▶

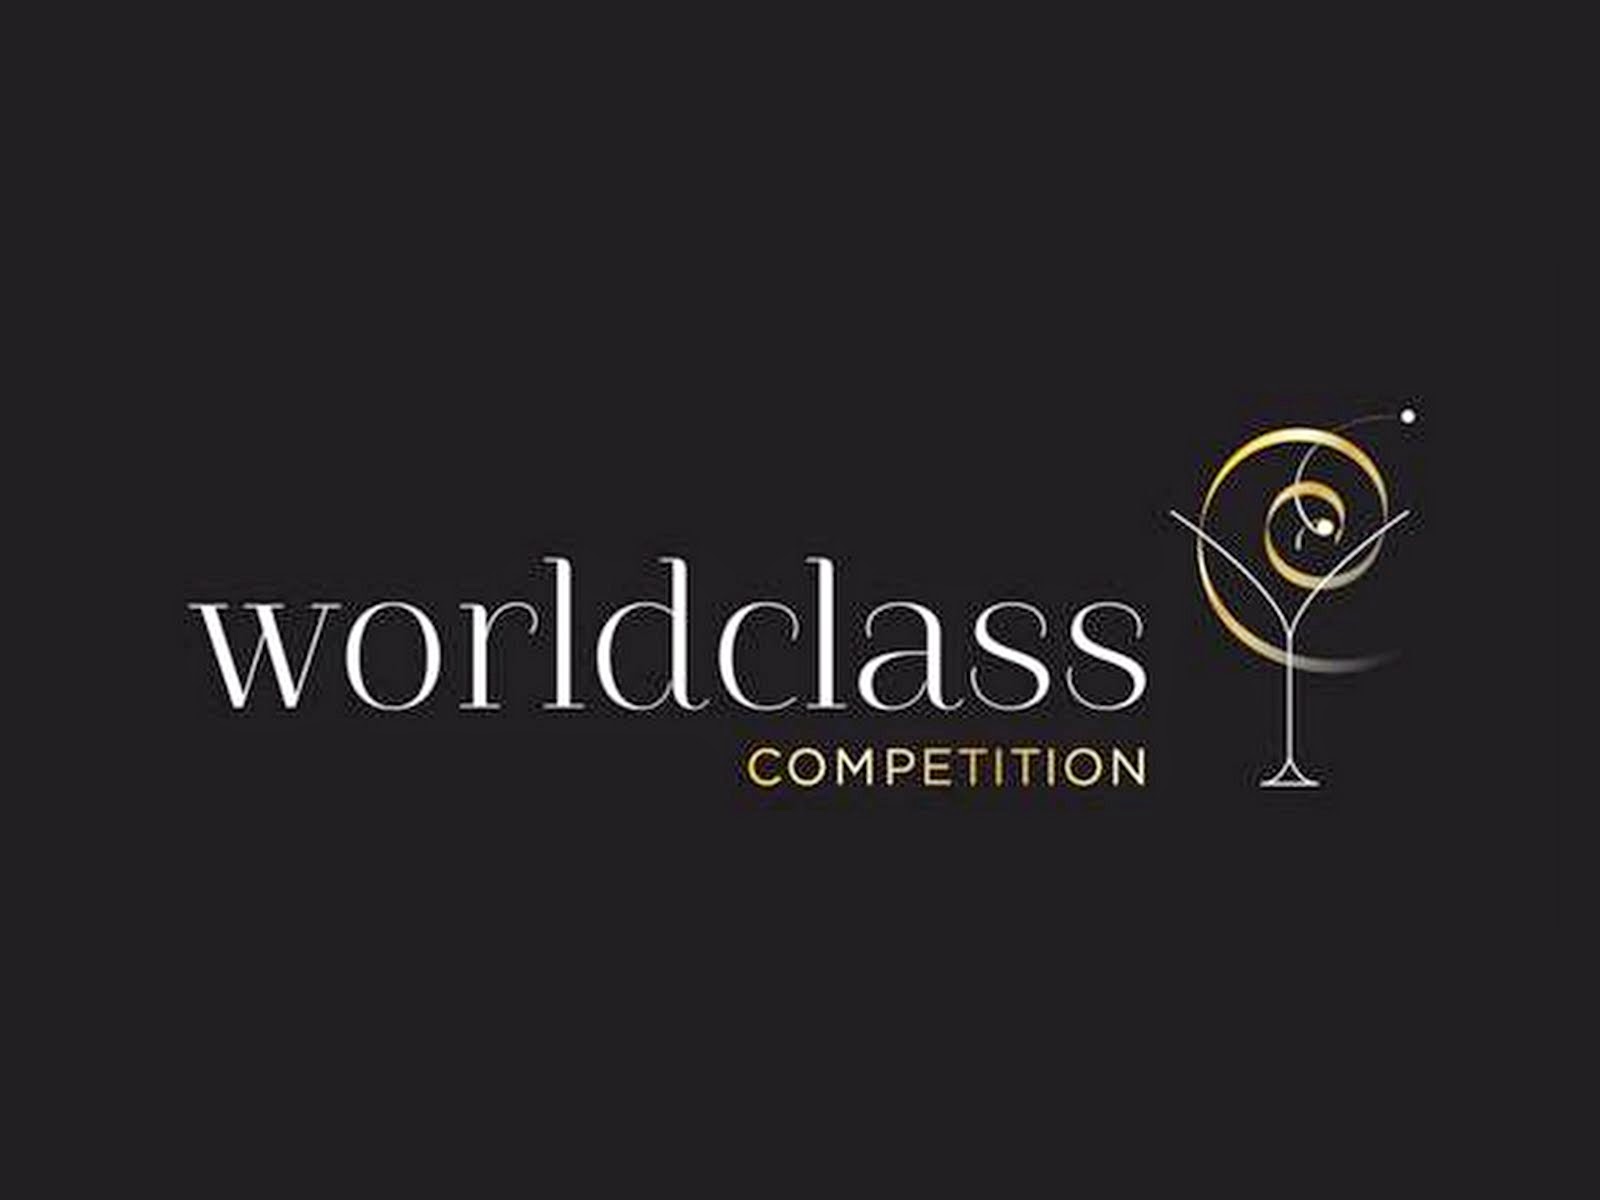 #WorldClass2015
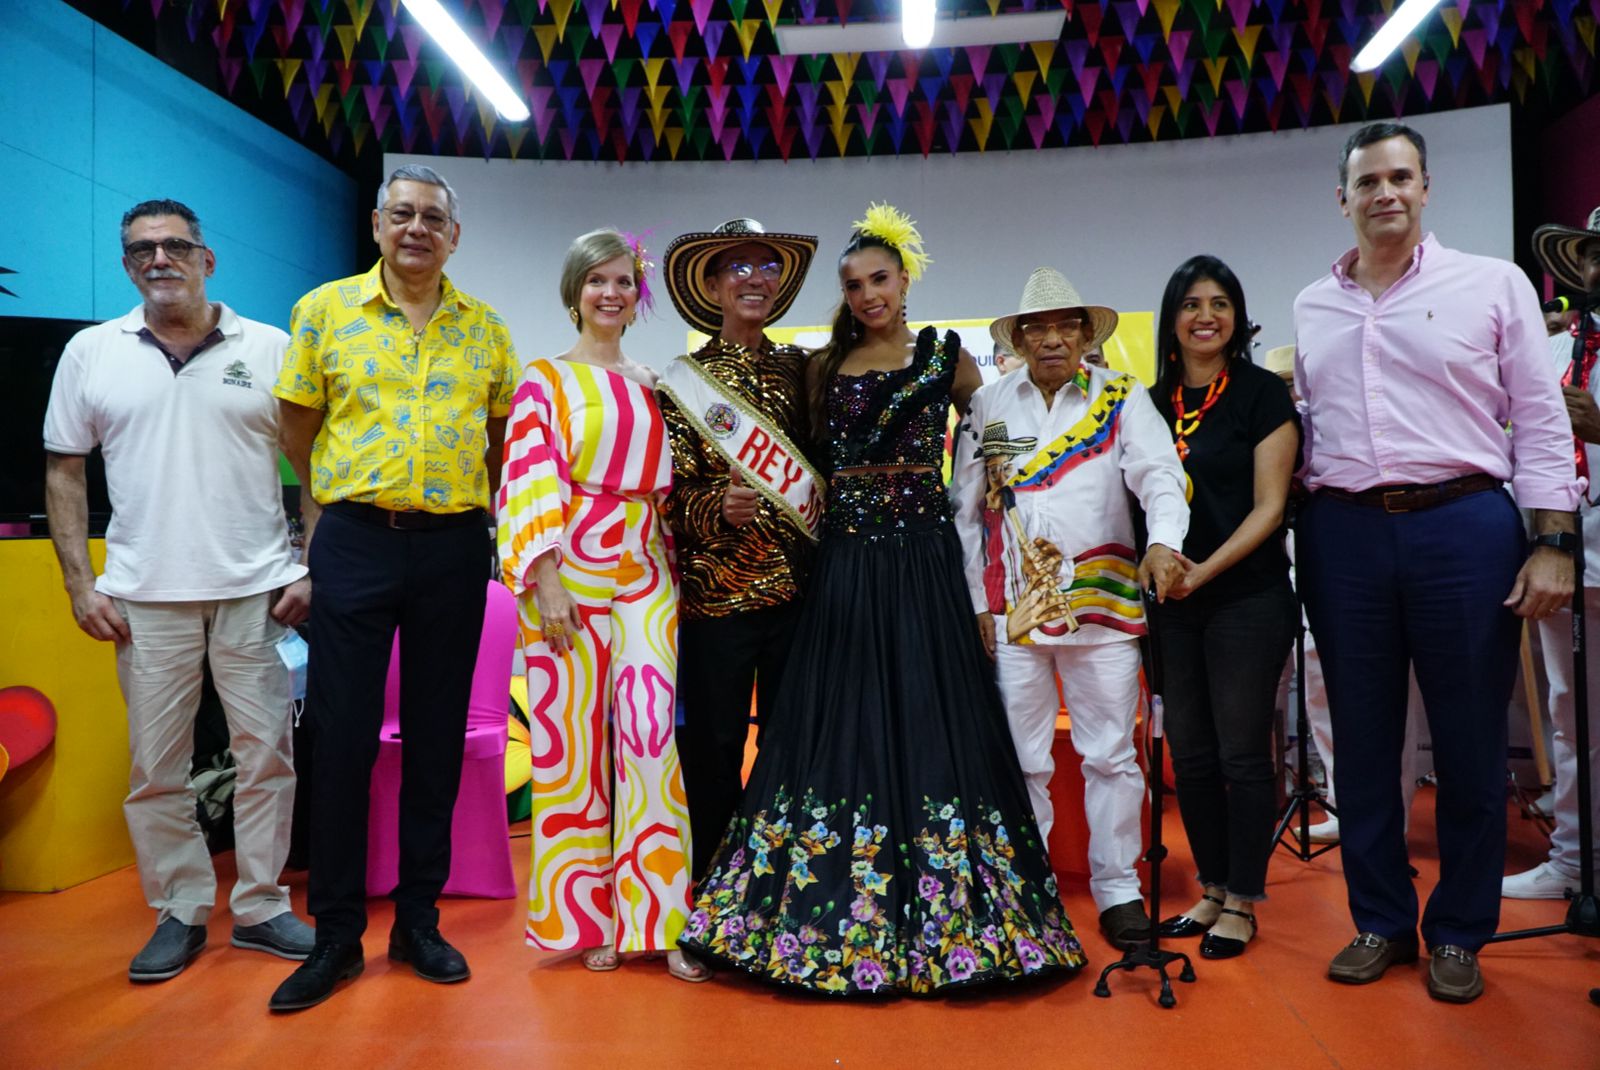 Pin en Disfraces Carnaval 2015 chicos
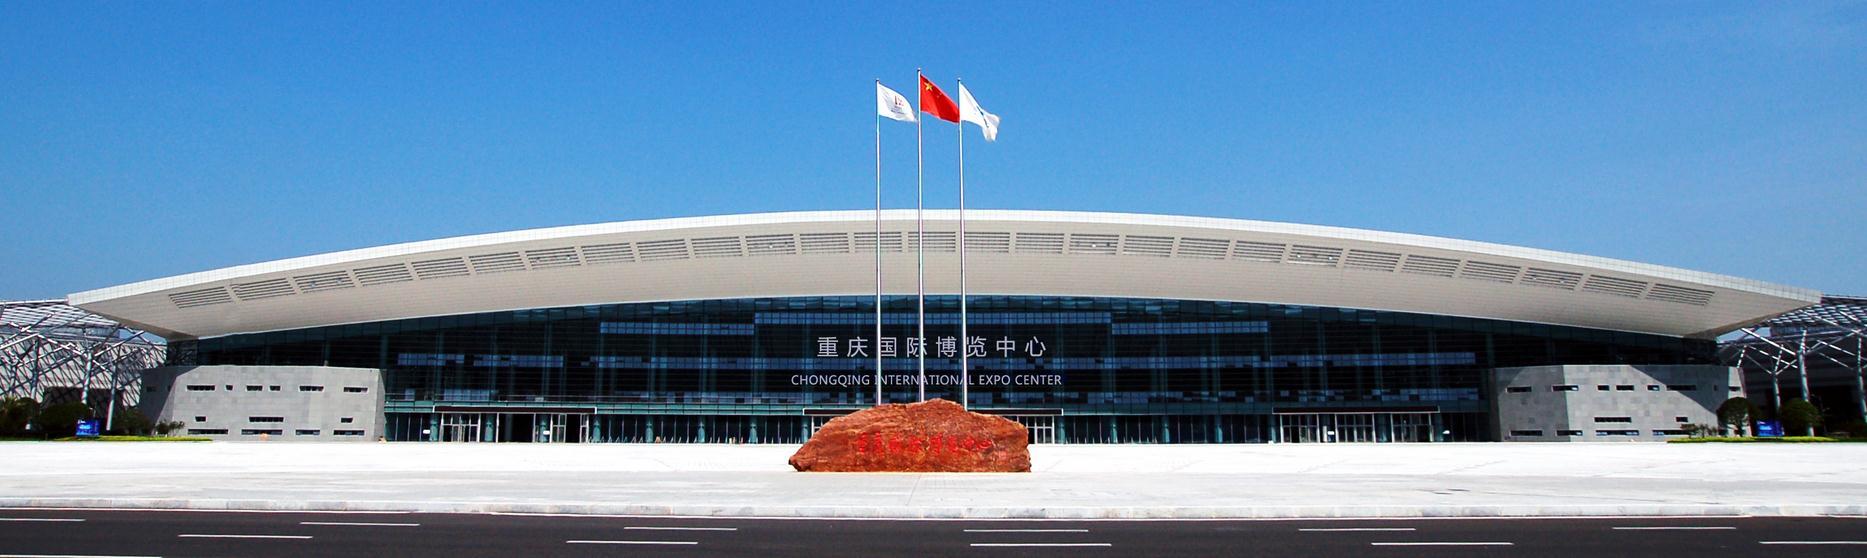 从2018年开始,承接中国国际智能产业博览会的悦来,就已经成为重庆乃至

◀

**WHAT YOU NEED TO DO**
A verbatim transcript of the material above, with images dropped, is the expected output.

**RESPONSE BOX**
 #WorldClass2015
 Pin en Disfraces Carnaval 2015 chicos
 从2018年开始,承接中国国际智能产业博览会的悦来,就已经成为重庆乃至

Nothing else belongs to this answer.